La mise à l’épreuve de l’unité européenne par le président russe Vladimir Poutine, la prise de conscience par les Européens de l’importance de bâtir une Europe encore plus forte et solidaire, notamment à la suite des incertitudes sur l’engagement américain sous la présidence Trump, ont engagé le projet européen sur la voie d’un rôle diplomatique et militaire plus affirmé de l’UE. On peut notamment citer les ultimes décisions communautaires sur les achats d’armement pour l’Ukraine par l’UE, les progrès obtenus dans la défense européenne, le dialogue intereuropéen accéléré.
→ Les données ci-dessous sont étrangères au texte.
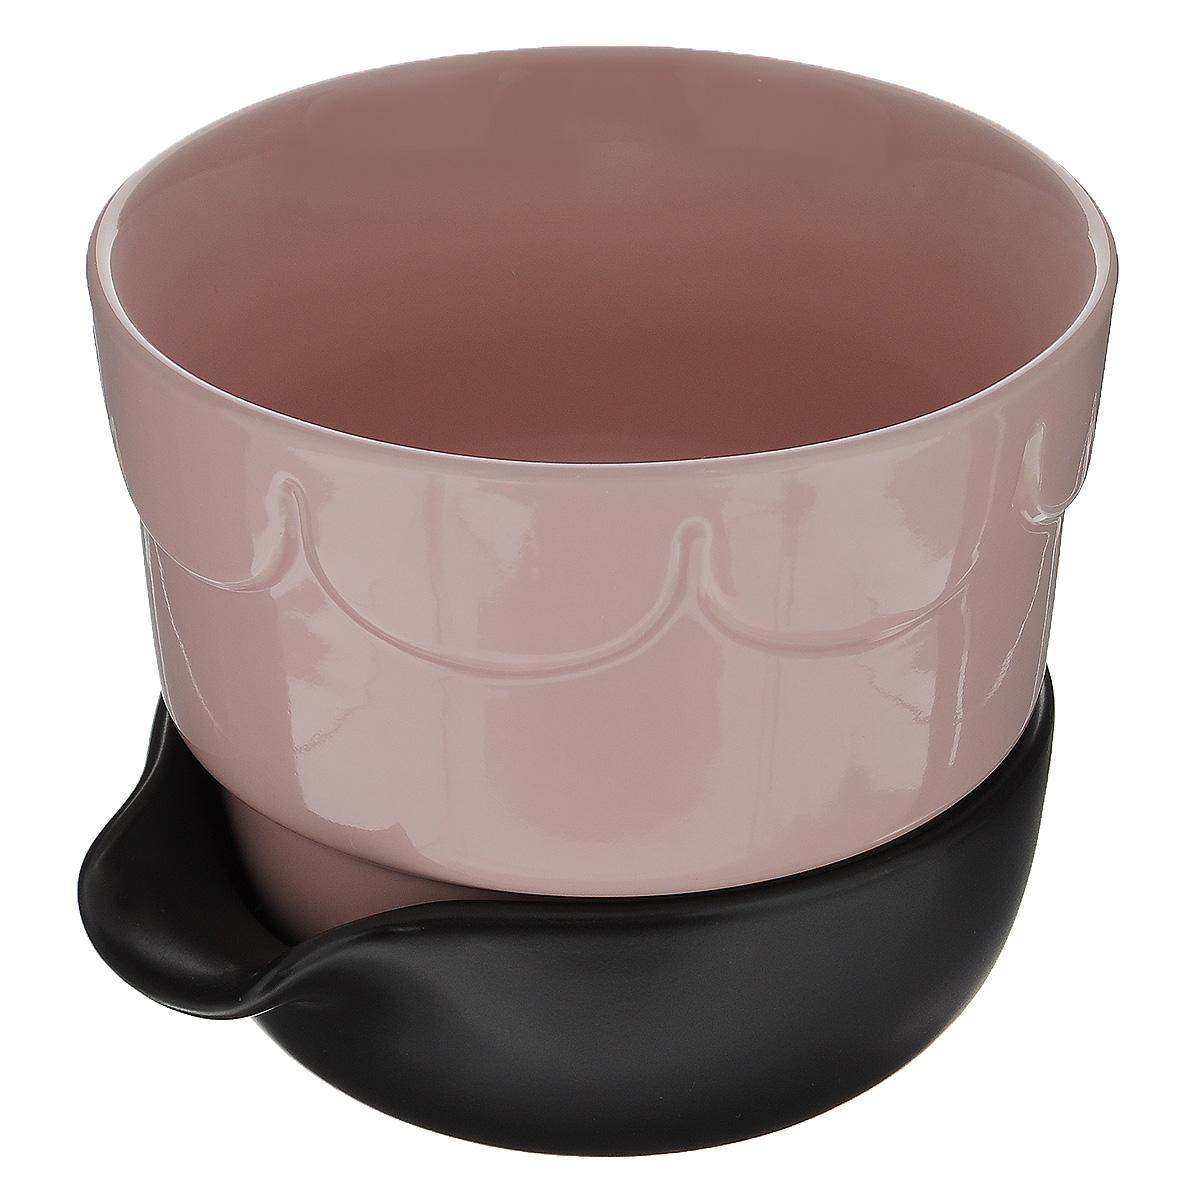 Горшок для цветов Sagaform, с поддоном, цвет: бледно-розовый, коричневый, диаметр 13,5 см1671695Цветочный горшок Sagaform с поддоном выполнен из высококачественной керамики и предназначен для выращивания в нем цветов, растений и трав. Поддон обеспечивает систему прикорневого полива, которая способствует вентиляции и дренажу корневой системы растения. Такой горшок порадует вас современным дизайном и функциональностью, а также оригинально украсит интерьер помещения.Диаметр по верхнему краю: 13,5 см.Высота горшка: 11 см.Диаметр поддона: 12 см.
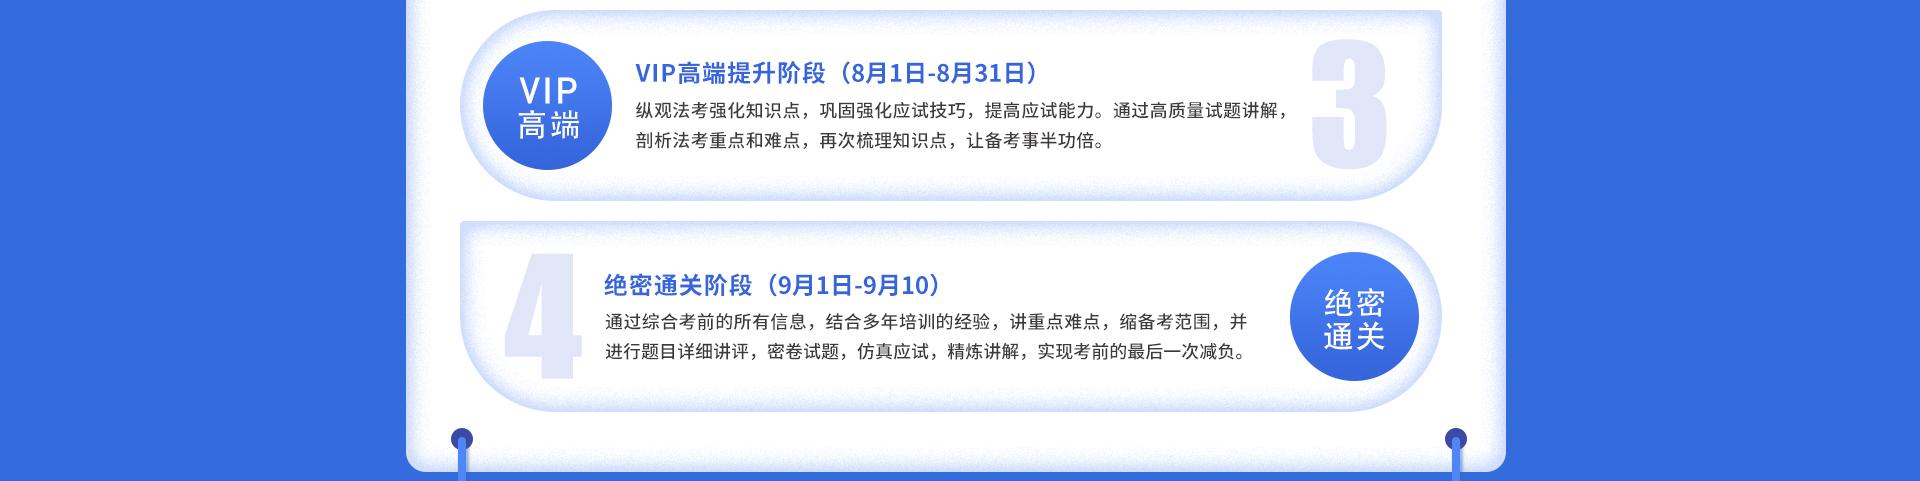 专题页面:VIP协议班1920x_06.jpg

Cependant, plusieurs interrogations demeurent sur :
– l’efficacité comparative des structures diplomatiques nationales avec celles des délégations de l’UE ;
– l’impact réel des mesures européennes adoptées à l’encontre de la Russie et celles au profit de l’Ukraine ;
– la place des conseillers en Défense et Sécurité en Délégation à l’image des Attachés de défense ou Attachés de sécurité intérieur nationaux ;
– l’évolution du triangle politique–diplomate–militaire au moment de la guerre de haute intensité en Europe.
Ces questions, ainsi que de nombreuses autres, suscitées par notre réflexion commune au sein d’EuroDéfense-France ont fait l’objet d’un travail d’échange et d’analyse mené par le groupe intitulé « Diplomatie européenne » qui réunit des experts, historiens, diplomates et militaires. Ce travail annuel a été structuré par trois entretiens publics croisés avec un diplomate et un militaire ayant une solide expérience européenne. Une conférence en partenariat avec l’Institut des hautes études de défense nationale (IHEDN) a été organisée pour clôturer les trois débats mentionnés (1). Une autre a été organisée à l’Académie militaire de Saint-Cyr Coëtquidan (AMSCC). Enfin, des articles ont accompagné ce travail. Nous proposons aux lecteurs de la RDN le résultat écrit et espérons qu’il inspirera d’autres études et réflexions sur le sujet.
(1) Nous remercions vivement le général Jean Novacq qui a préparé les comptes rendus des petits-déjeuners–débats et de la conférence de clôture.